### [PROVIDED MATERIAL]
================================
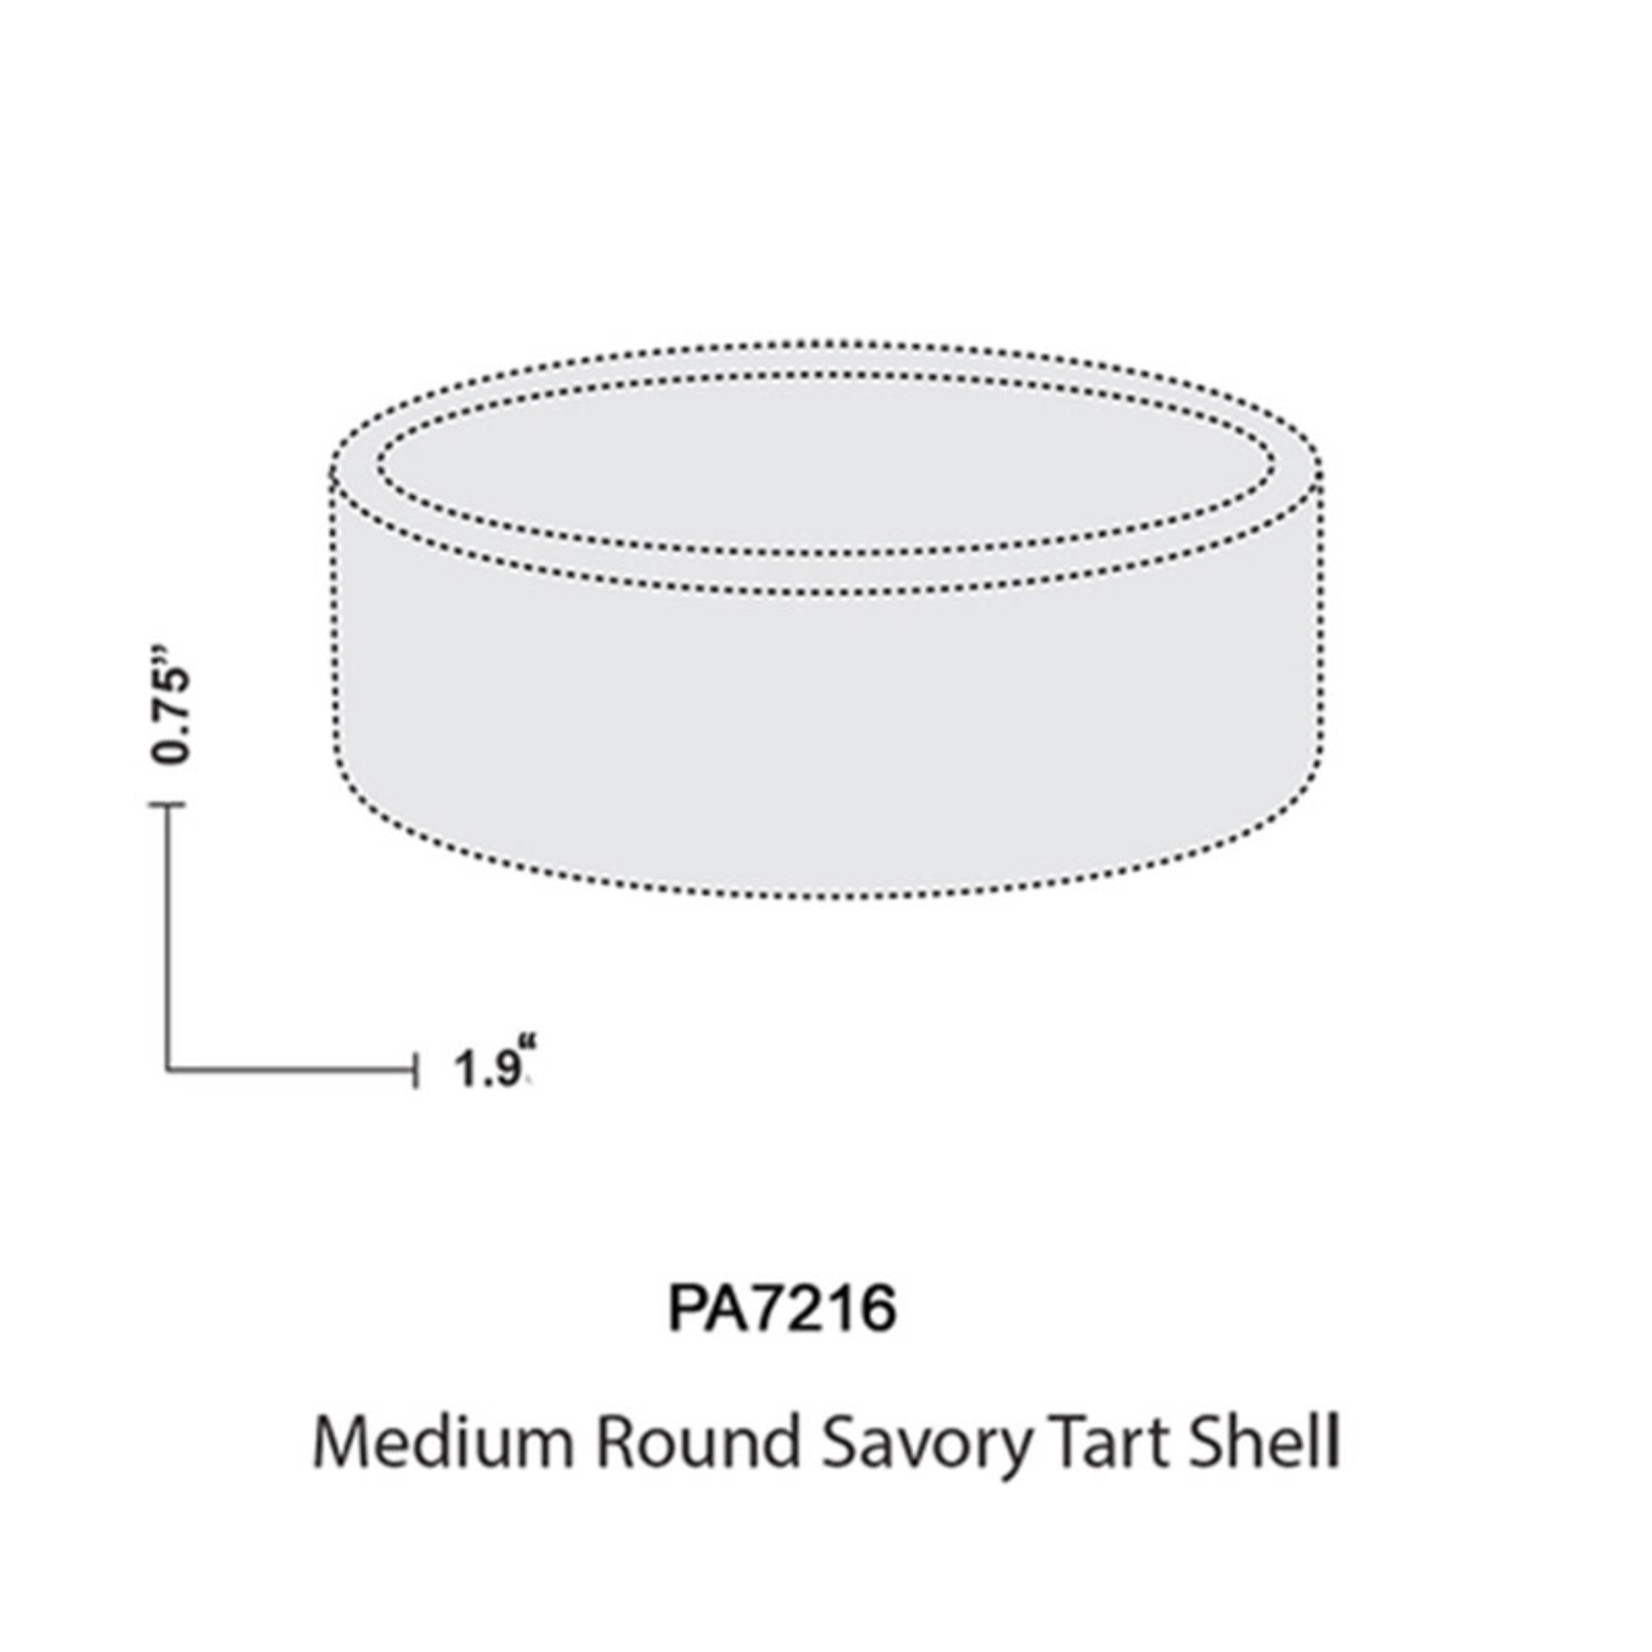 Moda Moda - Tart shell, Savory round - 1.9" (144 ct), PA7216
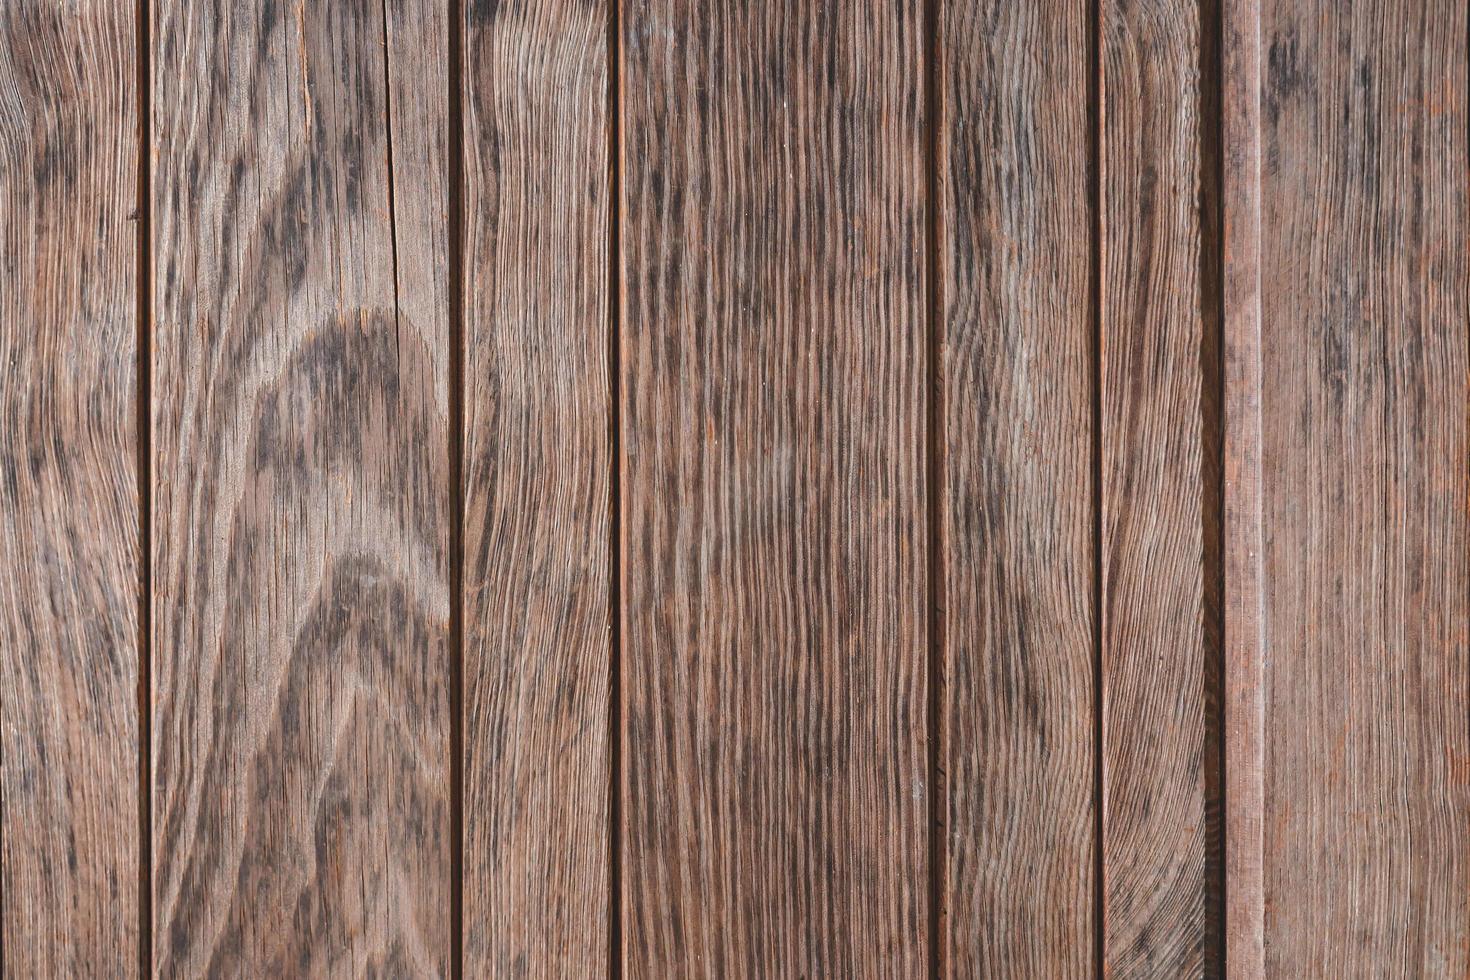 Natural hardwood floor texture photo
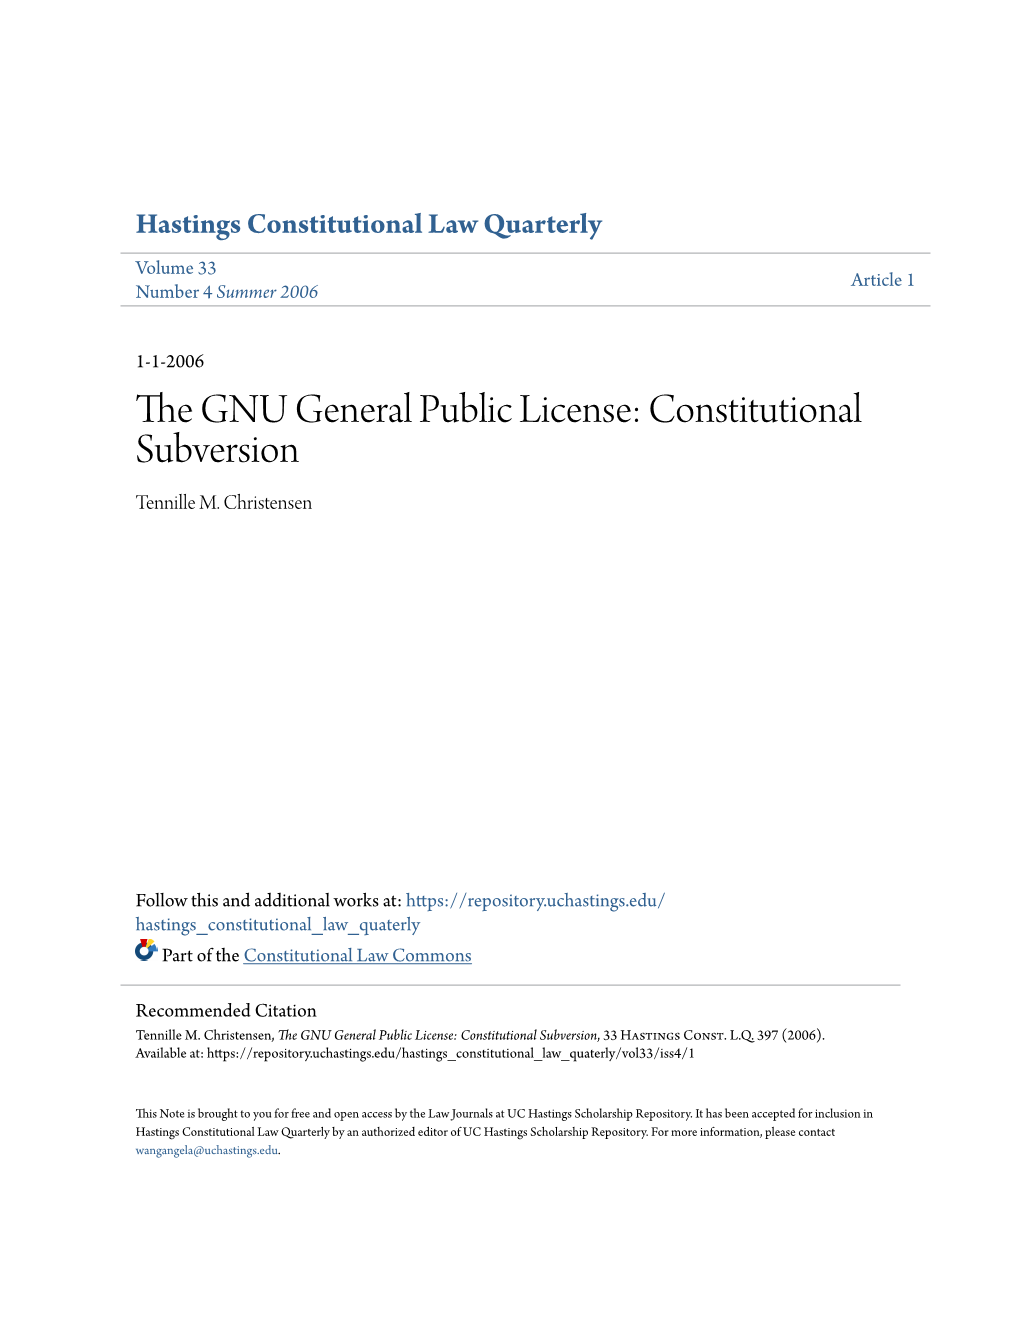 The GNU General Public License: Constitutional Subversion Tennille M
================================
### [WORK TASK]
Pictures excluded, output exactly the line that contains "Natural hardwood floor texture photo" and every line after it to the end of the data above.

### [YOUR SOLUTION]
 Natural hardwood floor texture photo
 The GNU General Public License: Constitutional Subversion Tennille M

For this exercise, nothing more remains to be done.